Let’s go through each step:

Figure 1. End-to-end workflow: from input FASTA sequences to natural language queries on the Databricks Intelligence Platform.

Step 1: Data Engineering with Lakeflow Declarative Pipelines

Raw biological data rarely comes in a clean, analysis-ready format. Our source data comes like this FASTA Files—a standard format for representing protein sequences that looks like this:

To the untrained eye, it is almost impossible to interpret this sequence data – a dense series of single-letter amino acid codes. Yet, by the end of this pipeline, researchers can query this same data in natural language, asking questions like “Show me less-researched membrane proteins in humans with high classification confidence” And in return gaining actionable insights.
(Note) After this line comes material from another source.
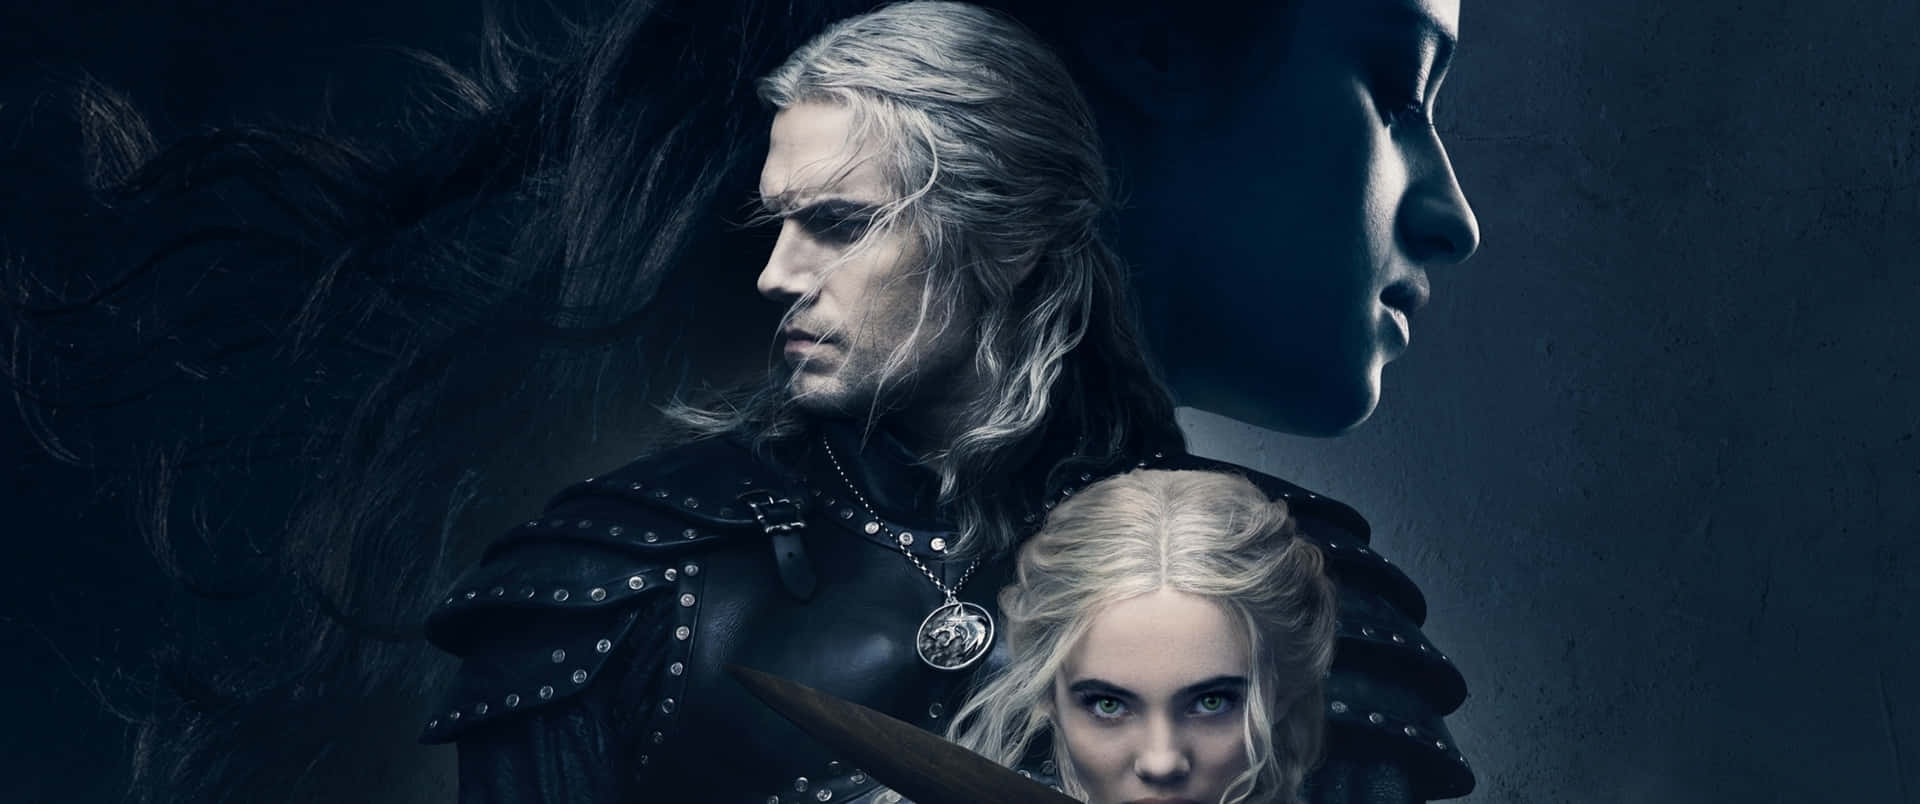 Geraltav Rivia I The Witcher. Wallpaper

Using Lakeflow declarative pipelines, we build a medal architecture that progressively refines this data:

Bronze Layer: Raw ingestion of FASTA files, extracting IDs and sequences using BioPython.
Silver Lining: Parsing and structuring – We extract protein names, organism information, gene names and other metadata using regex transformations.
Gold/rich layer: Curated, analysis-ready data rich with derived metrics like molecular weight – ready for dashboards, ML models and downstream research. This is the credible layer that analysts and scientists directly inquire about.

Result: Clean, controlled protein data in the Unity Catalog, ready for downstream ML and analytics. Critically, the data lineage that extends beyond this step to other steps (highlighted below) provides incredible value for scientific reproducibility.
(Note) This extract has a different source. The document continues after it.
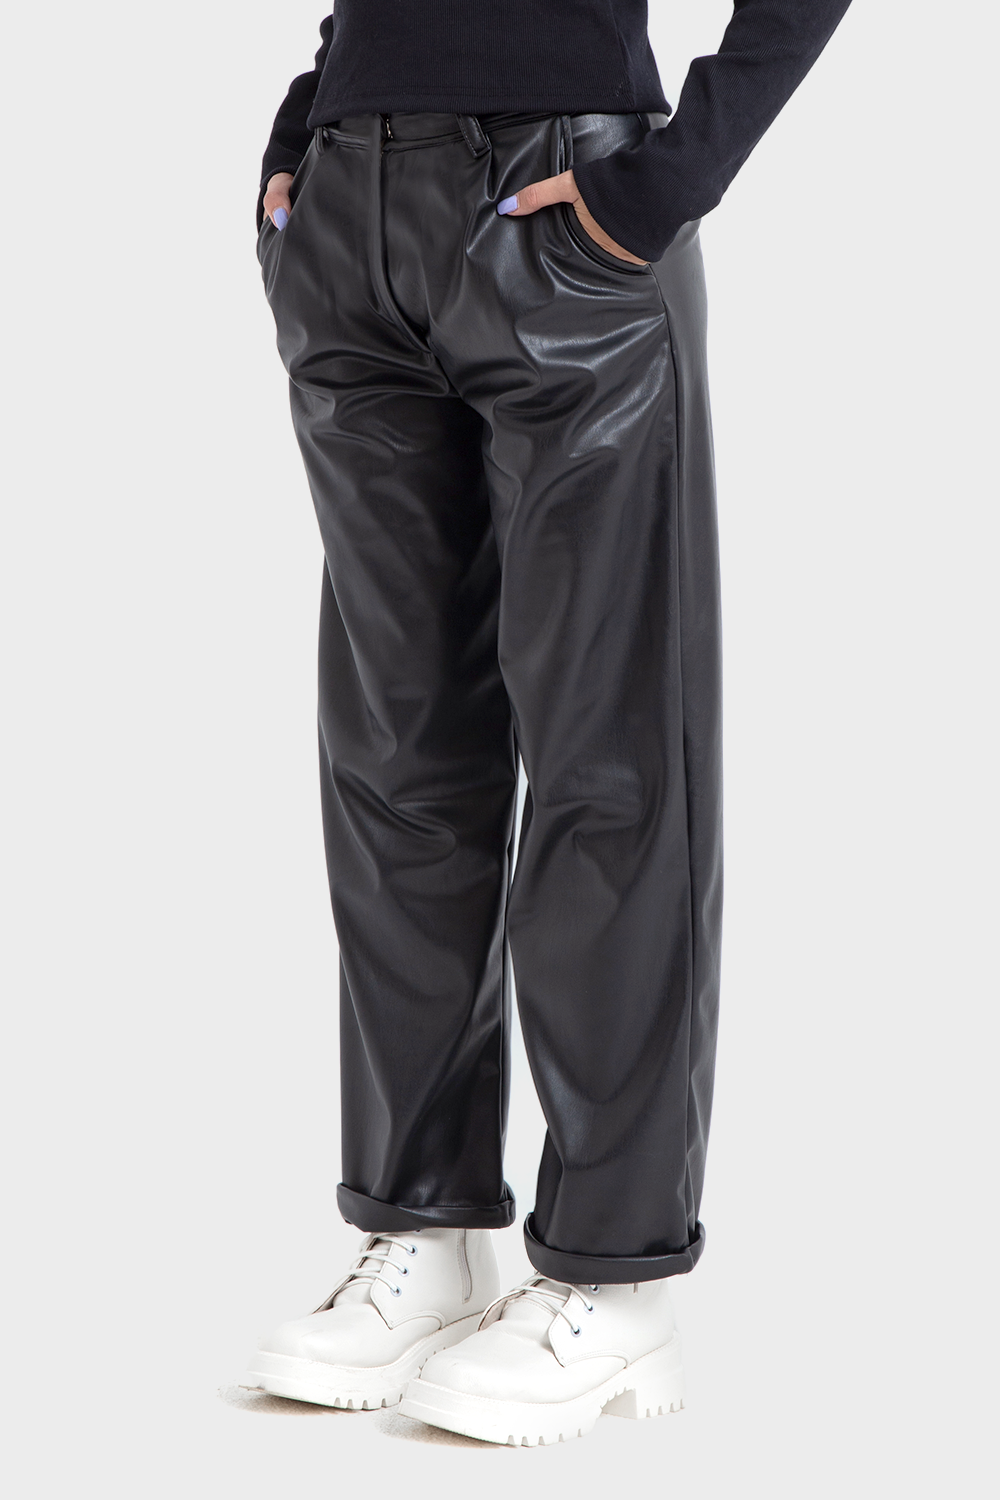 Premium Line, Black Straight Leather Pants

Step 2: Protein Classification with the Transformer Model

When it comes to drug discovery not all proteins are created equal. Membrane transport proteins – which are embedded in the cell membrane – are particularly important drug targets because they regulate what enters and exits cells.

we take advantage ProtBERT-BFDA BERT-based protein language model, from RostLab, has been specifically fine-tuned for membrane protein classification. This model treats amino acid sequences like language, learning relevant relationships between residues to predict protein function.

The model outputs a classification (as membrane or soluble) with a confidence score, which we write back into the Unity catalog for downstream filtering and analysis.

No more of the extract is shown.